A coalition of Epic Games, Spotify, Basecamp, Deezer, Blix, Blockchain, Tile, Match Group, and several others have teamed up to form a formidable legal front that will force Apple to change some of its App Store policies. The new group is called Coalition for App Fairness and it seeks to represent thousands of app developers who are offended by Apple’s app store regulations.
Coalition for App Fairness was registered as a nonprofit organization in Washington DC and Brussels, and other members of the group include the European Publishers Council, Protonmail, and News Media Europe, and other firms from around the world.
The group said they created the coalition because judging from the myriad of lawsuits instituted against Apple over its irritable Apple Store policies, there is little to no hope that the tech giant will ever condescend to accommodate the demands of its global customers.

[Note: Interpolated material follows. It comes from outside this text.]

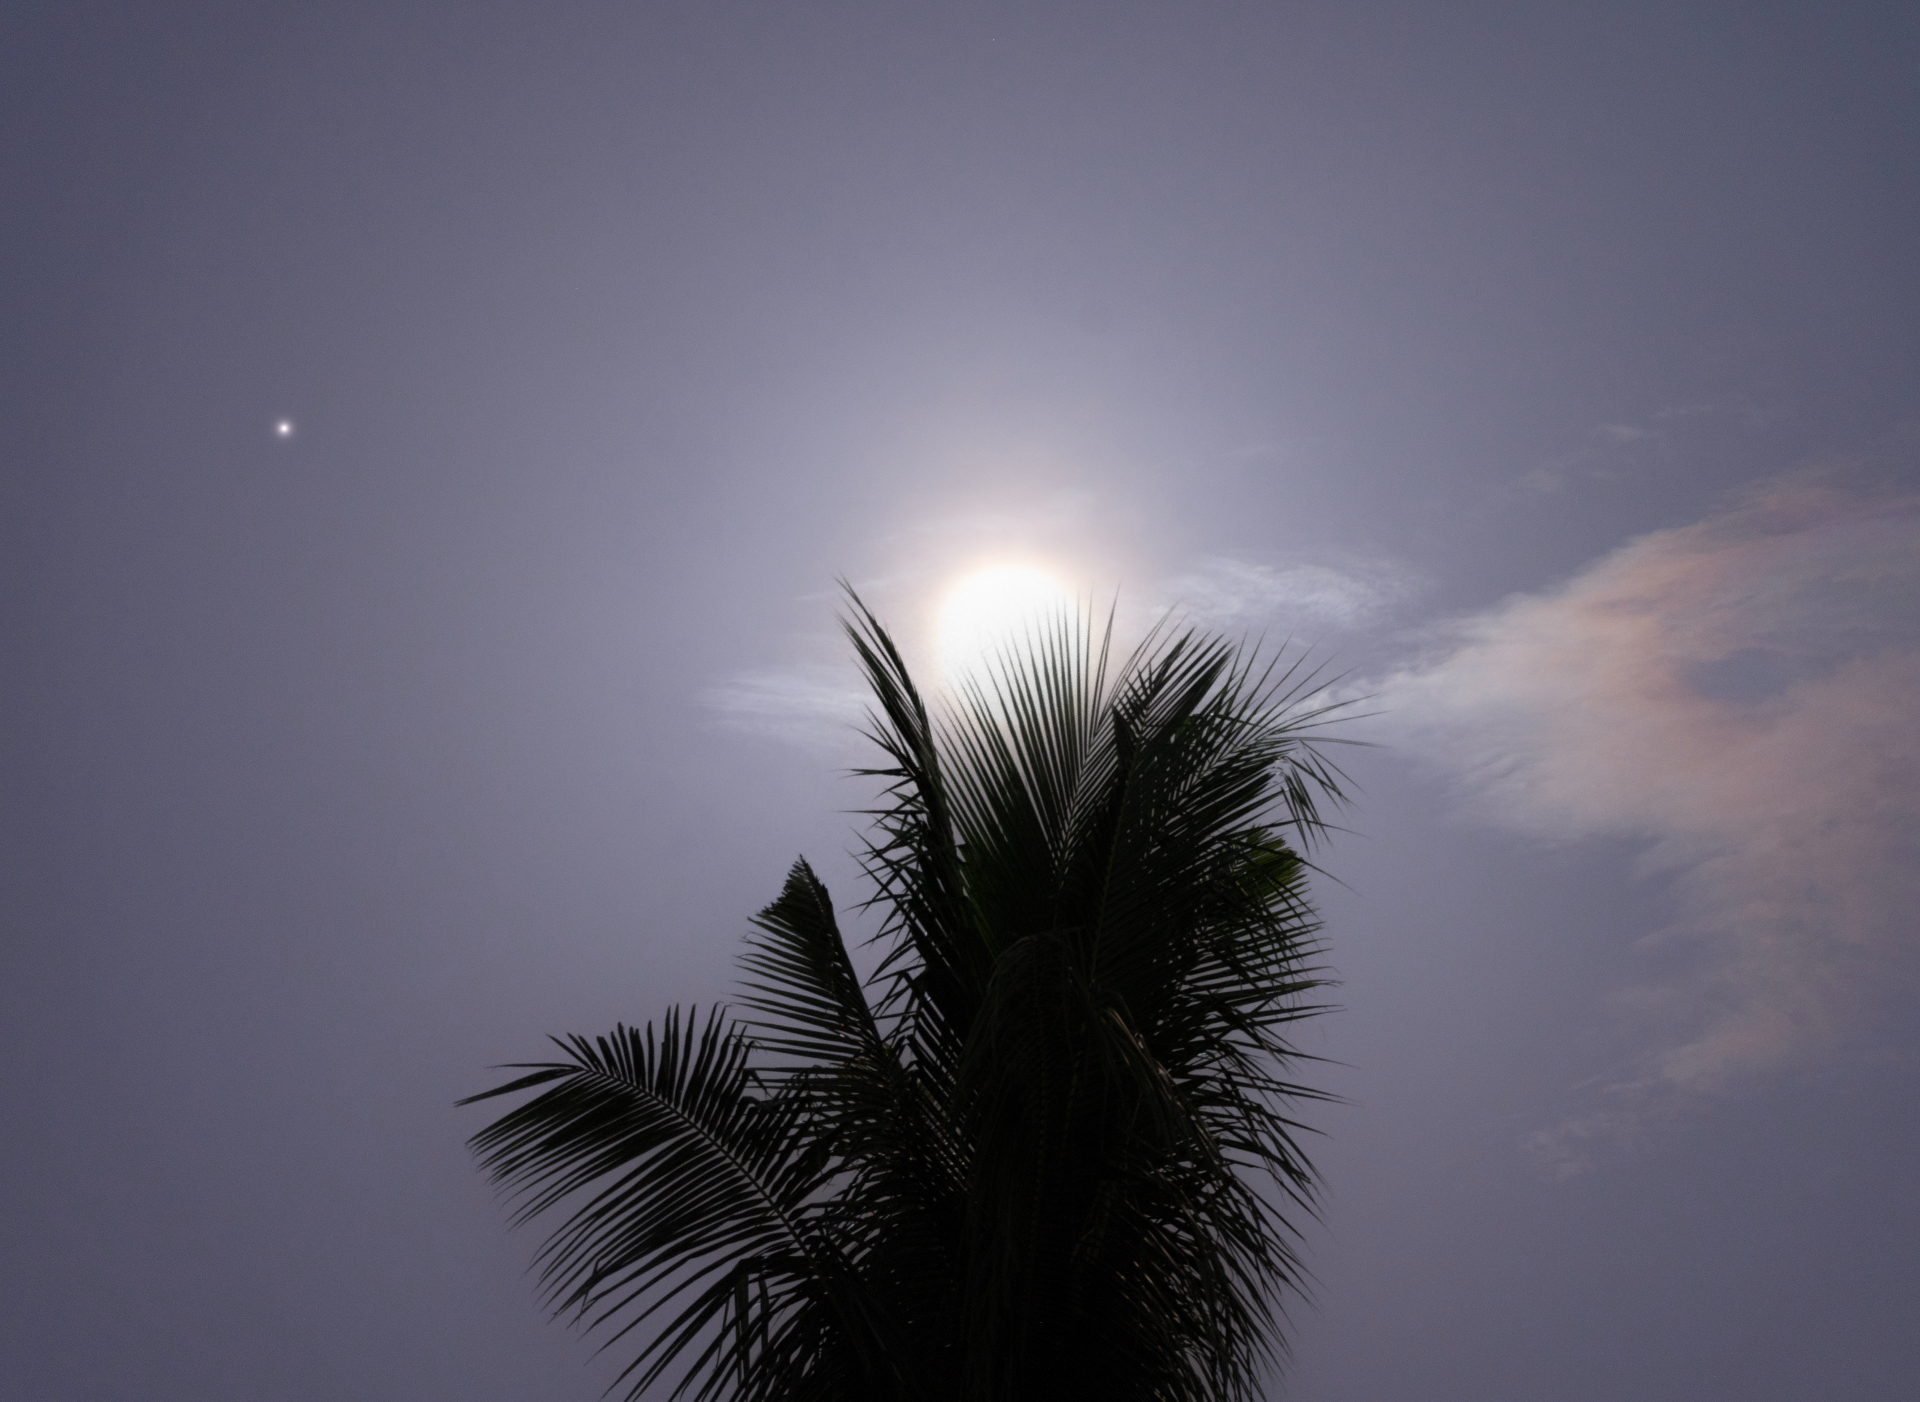 Bulan biru raksasa bersinar terang di balik pohon palem, dengan titik kecil Saturnus terlihat di sebelah kiri bulan.

“While it’s great that we have the big names like Epic and Spotify in the group, we’re not speaking just for them,” said Sarah Maxwell, a former worker at Blockchain.

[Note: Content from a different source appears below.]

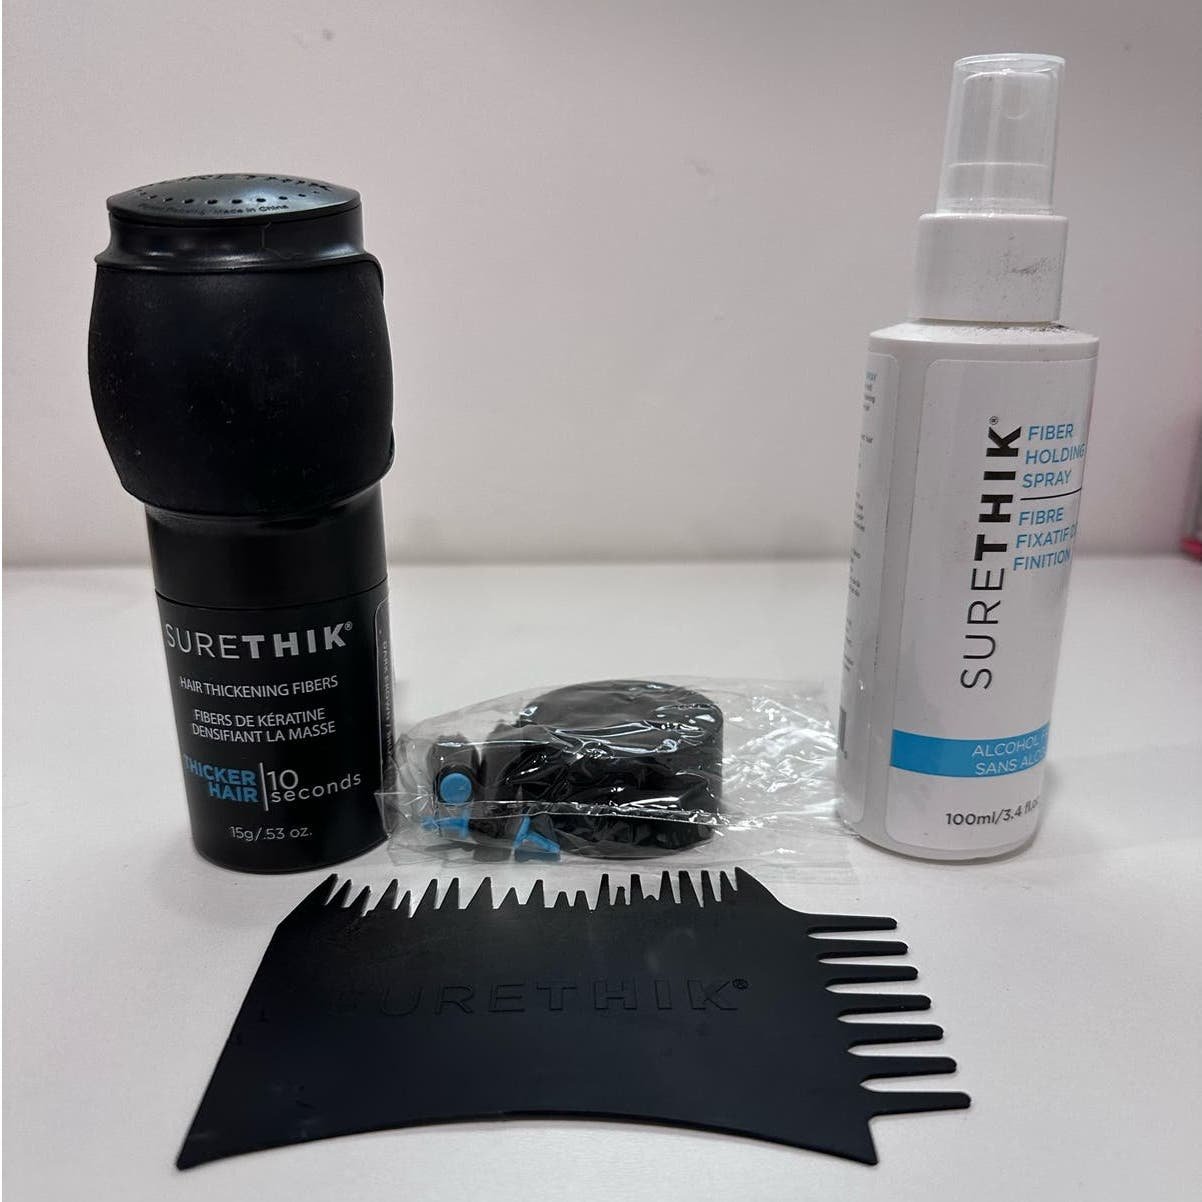 Surethik fibers hair loss starter kit, used only once.

Even before the disgruntled firms came together to wage a common war against Apple, many of the parties had been fighting independently against the tech giant through the law courts. Spotify had filed an antitrust lawsuit in the European Union; and Epic Games, creator of Fortnite which was removed recently from the App Store, has filed a lawsuit against the company at a federal court in California.

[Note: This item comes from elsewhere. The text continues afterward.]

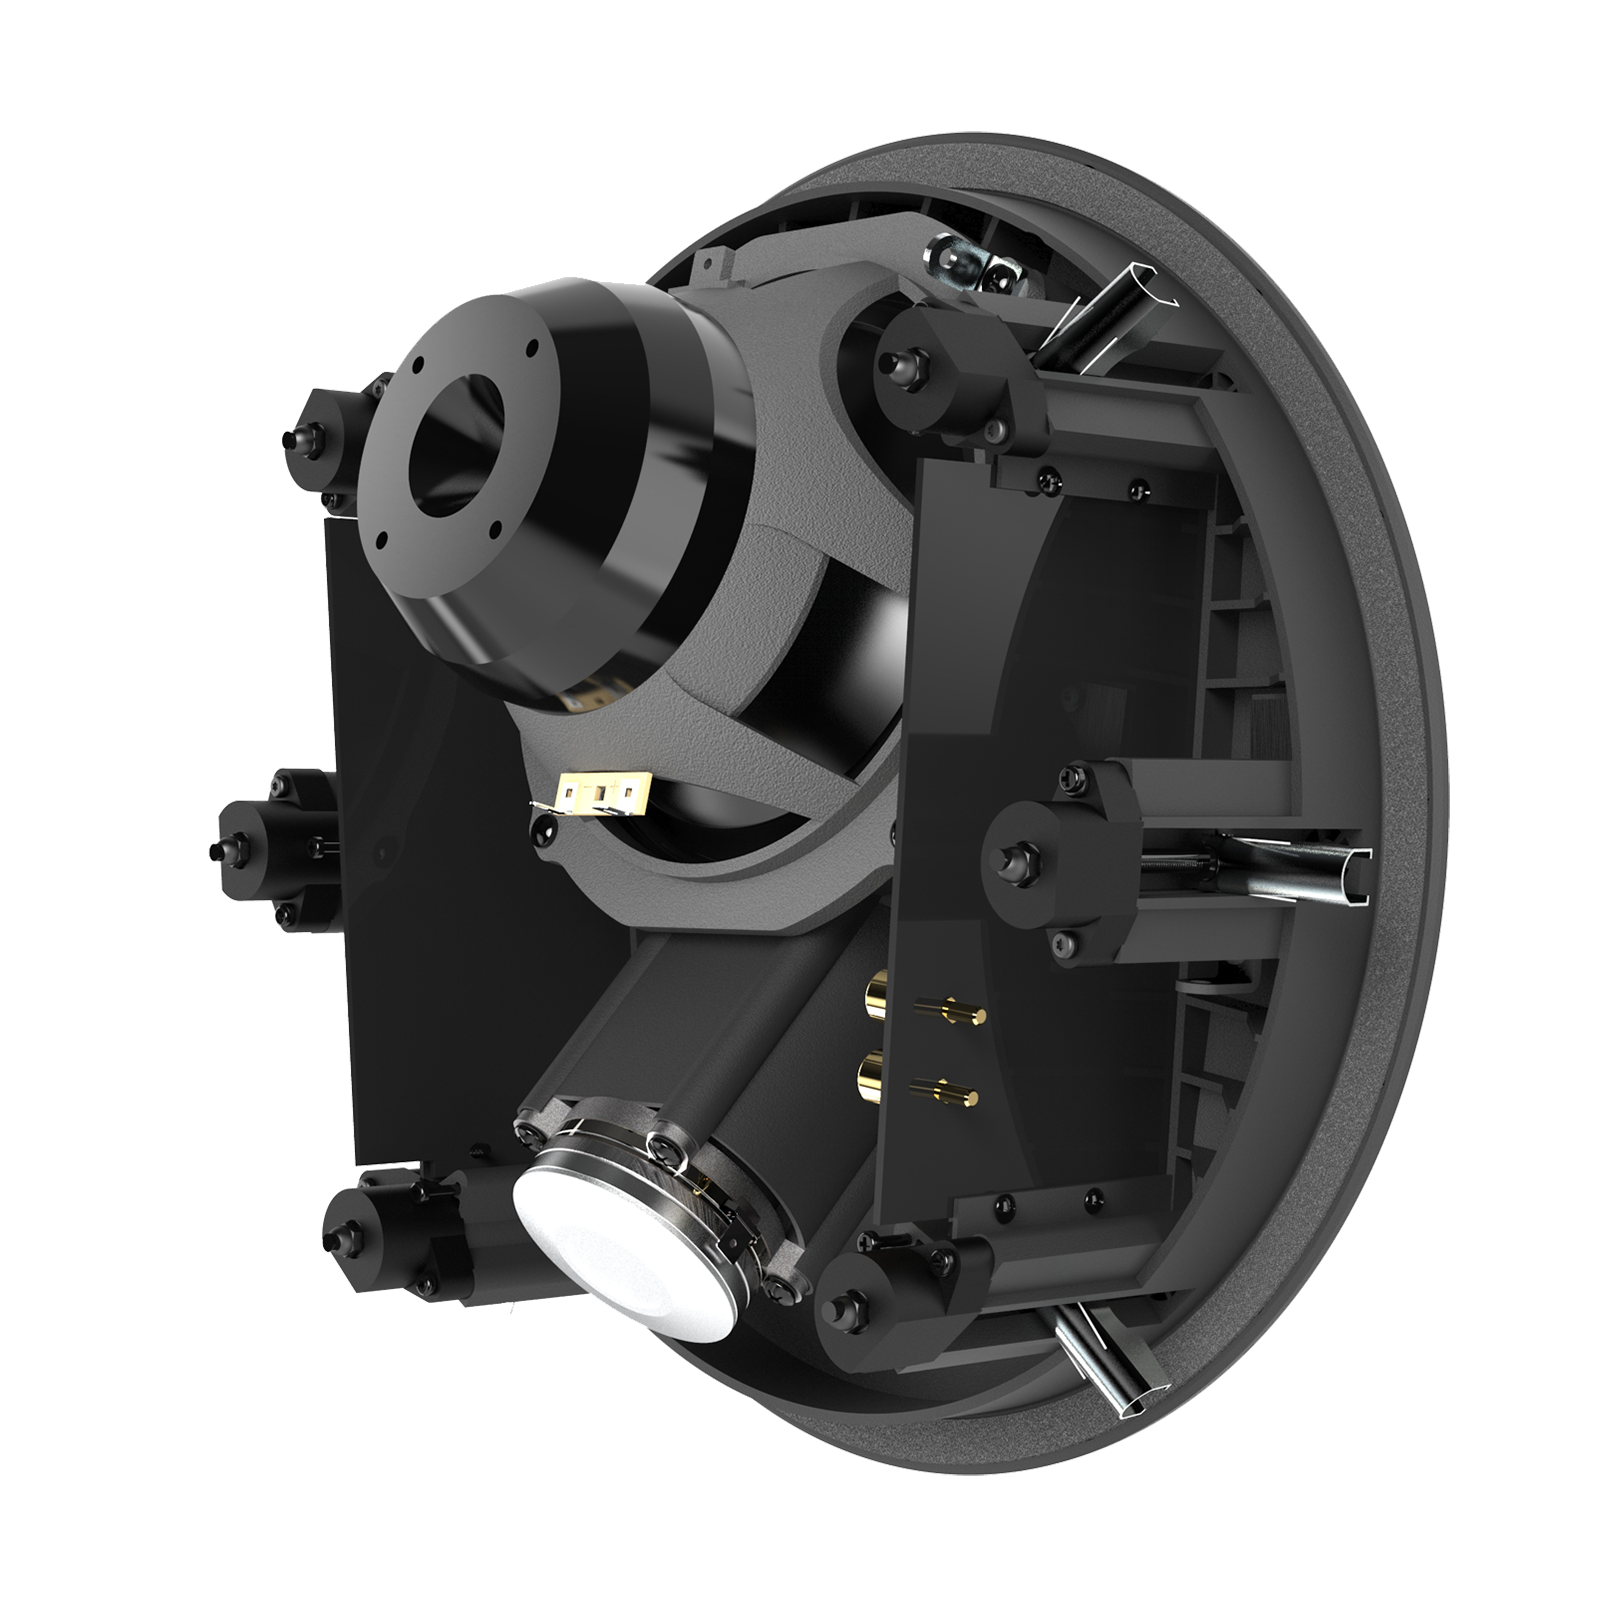 SCL-5 - Black - Two-way 7-inch (180mm) In-Ceiling Loudspeaker - Back

Basecamp also accused Apple of limiting the updates to its Hey email app, and Blix alleged that the tech giant stole its idea for anonymous email sign-in and then removed it from the store.
One of the major grouses that the aggrieved coalition has against Apple’s App Store is its 30% cut from in-app purchases. However, the Coalition for App Fairness listed 10 demands it intends to pursue against Apple in the law courts, and some of these include not forcing developers to use App Store’s payment system, giving developers insider access to technical data that only Apple can access, and not demanding that developers use App Store exclusively.
“No developer should be required to pay unfair, unreasonable or discriminatory fees or revenue shares,” the coalition said as part of the “10 Store Principles” they will be pursuing against Apple.